# Dataset excerpt:

------------

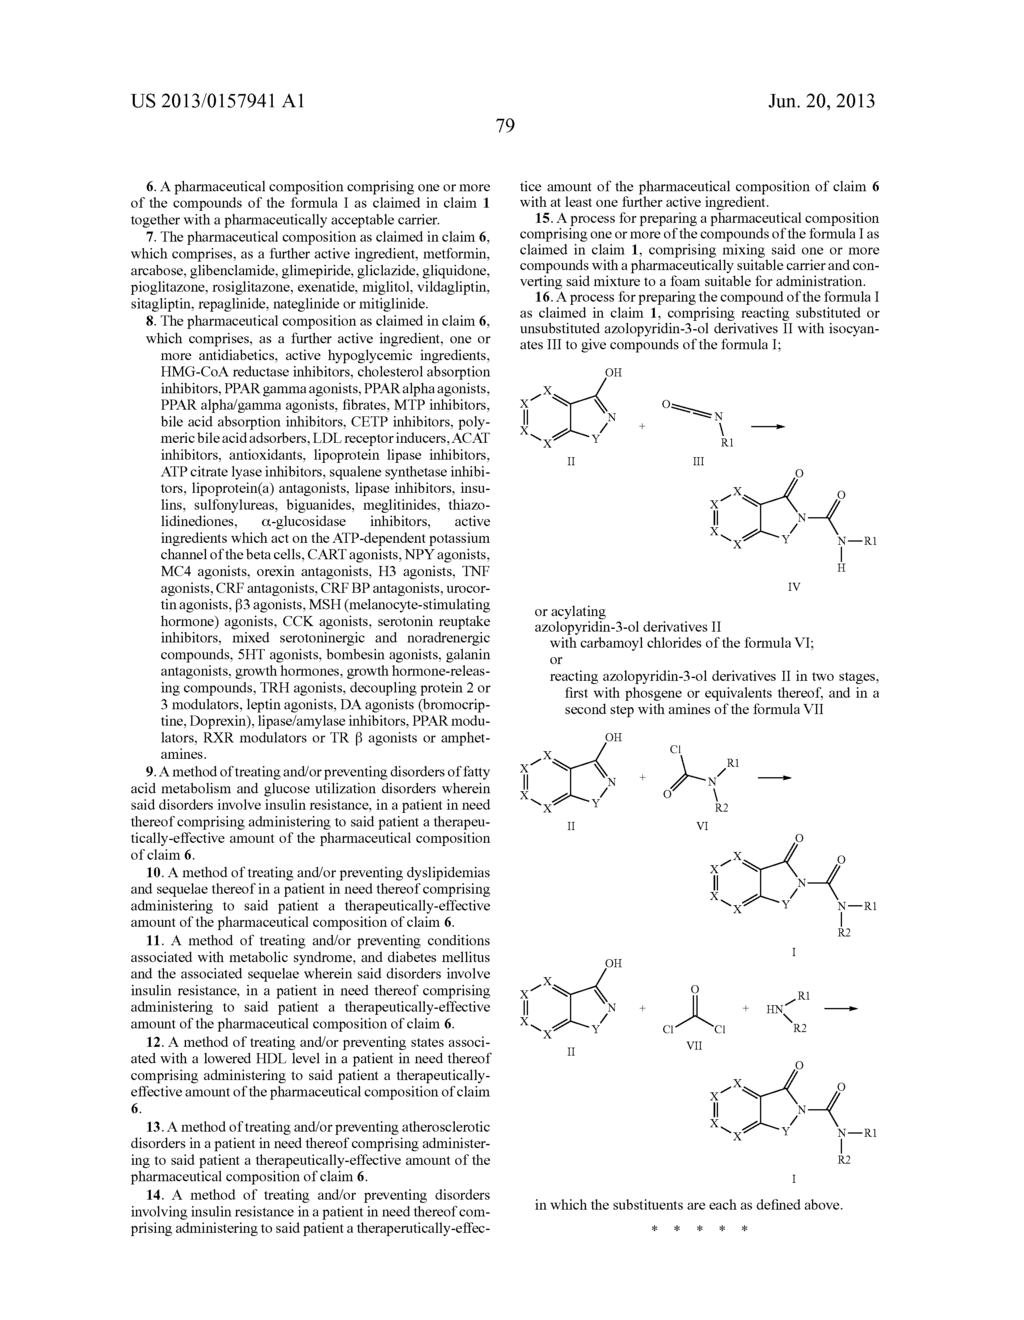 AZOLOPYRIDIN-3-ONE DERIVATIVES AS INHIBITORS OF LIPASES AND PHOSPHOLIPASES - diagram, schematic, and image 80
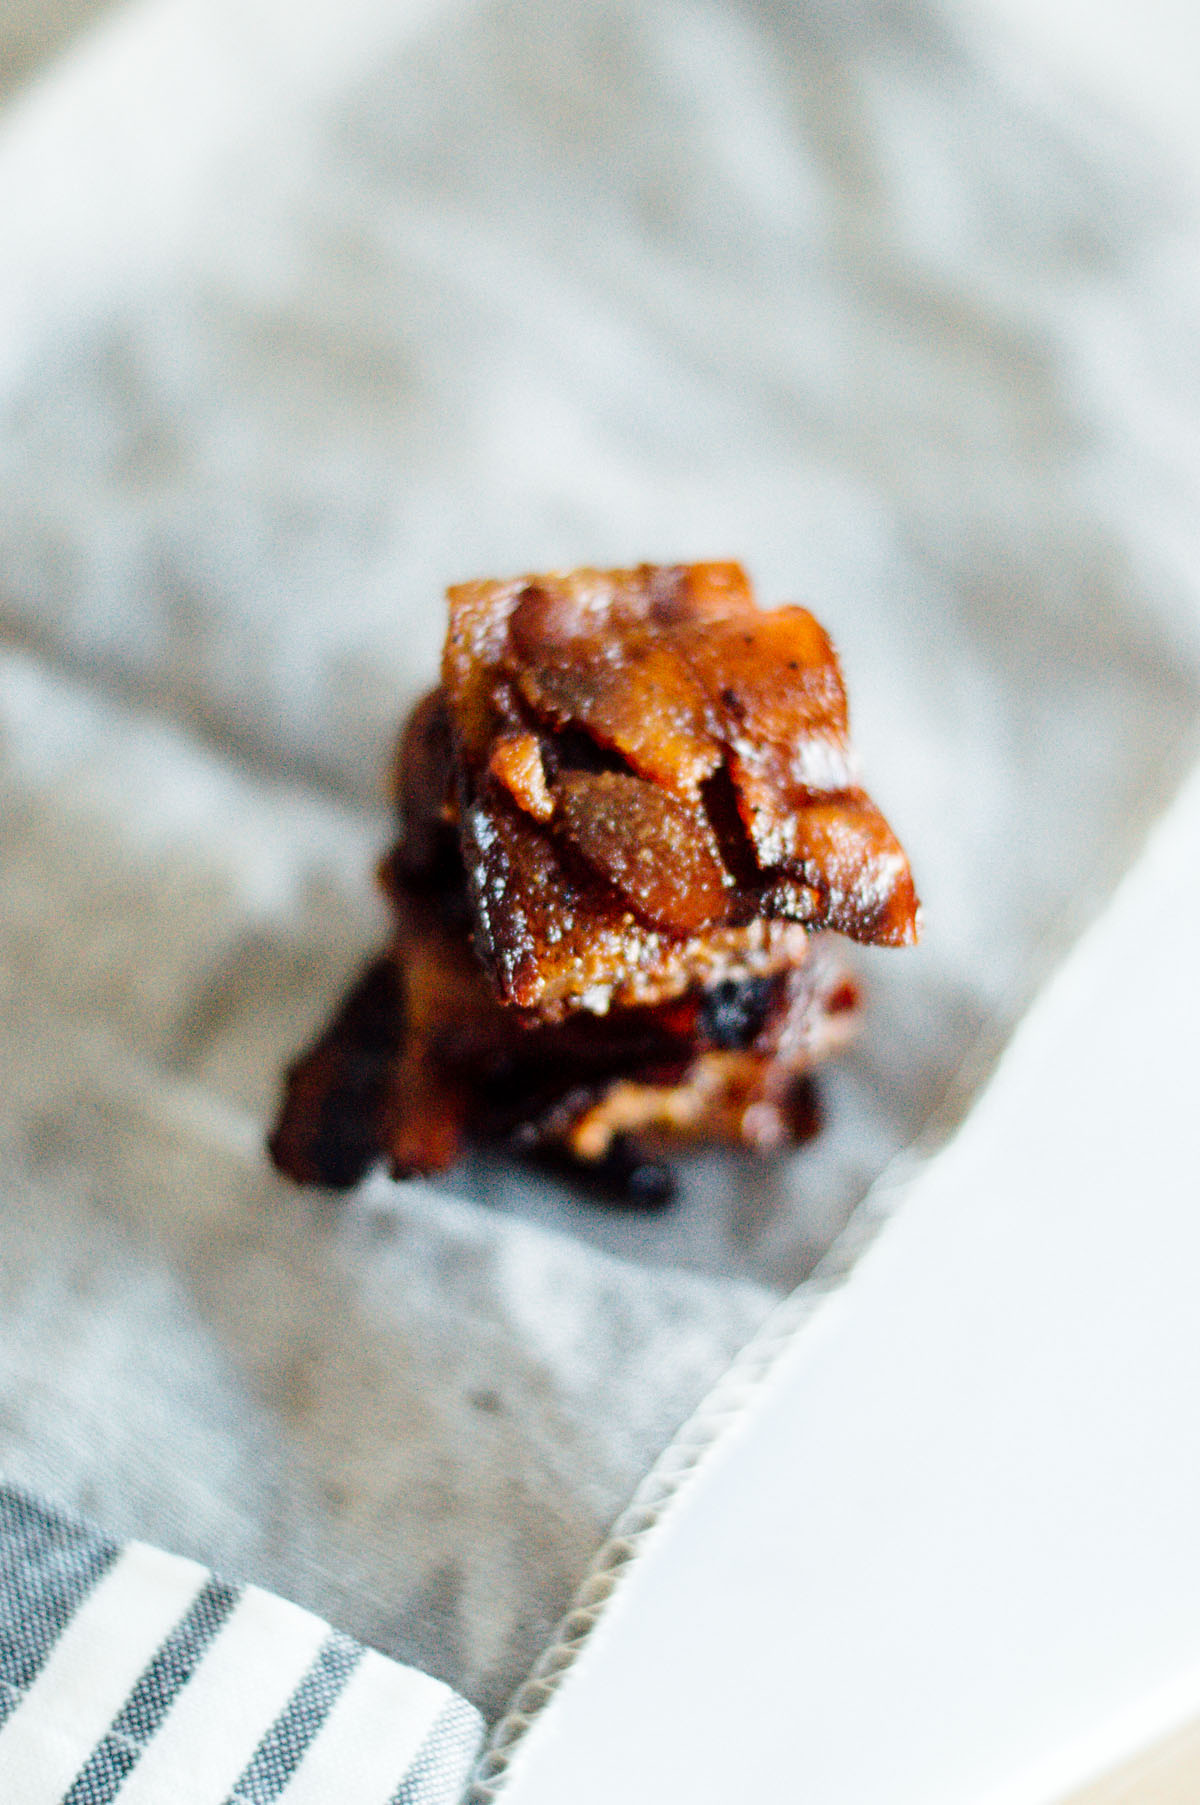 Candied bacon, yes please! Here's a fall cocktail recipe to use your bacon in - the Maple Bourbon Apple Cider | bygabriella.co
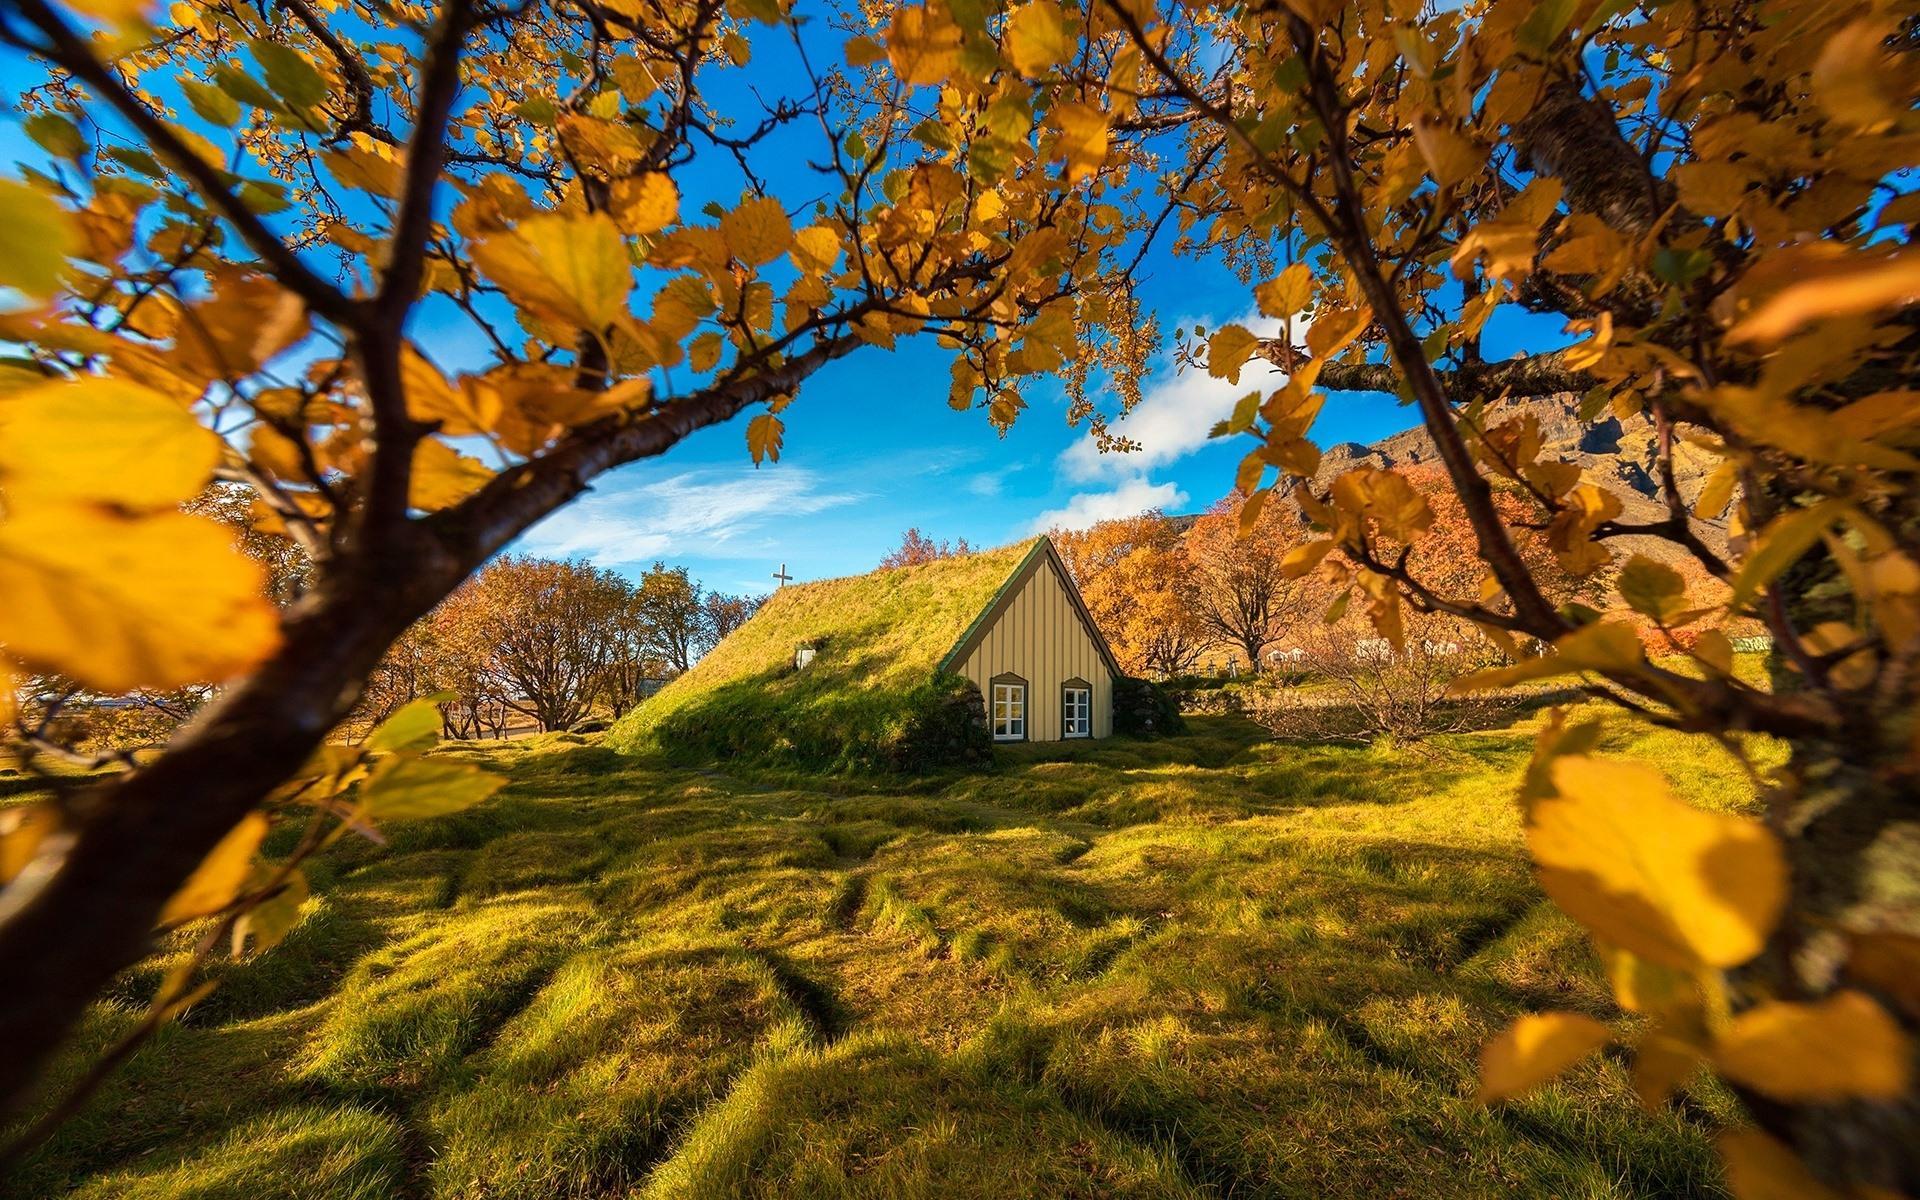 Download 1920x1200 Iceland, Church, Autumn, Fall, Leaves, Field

------------

# Activity:
Omit each picture, then return all of the listing exactly as it stands.

# Your solution:
 AZOLOPYRIDIN-3-ONE DERIVATIVES AS INHIBITORS OF LIPASES AND PHOSPHOLIPASES - diagram, schematic, and image 80
 Candied bacon, yes please! Here's a fall cocktail recipe to use your bacon in - the Maple Bourbon Apple Cider | bygabriella.co
 Download 1920x1200 Iceland, Church, Autumn, Fall, Leaves, Field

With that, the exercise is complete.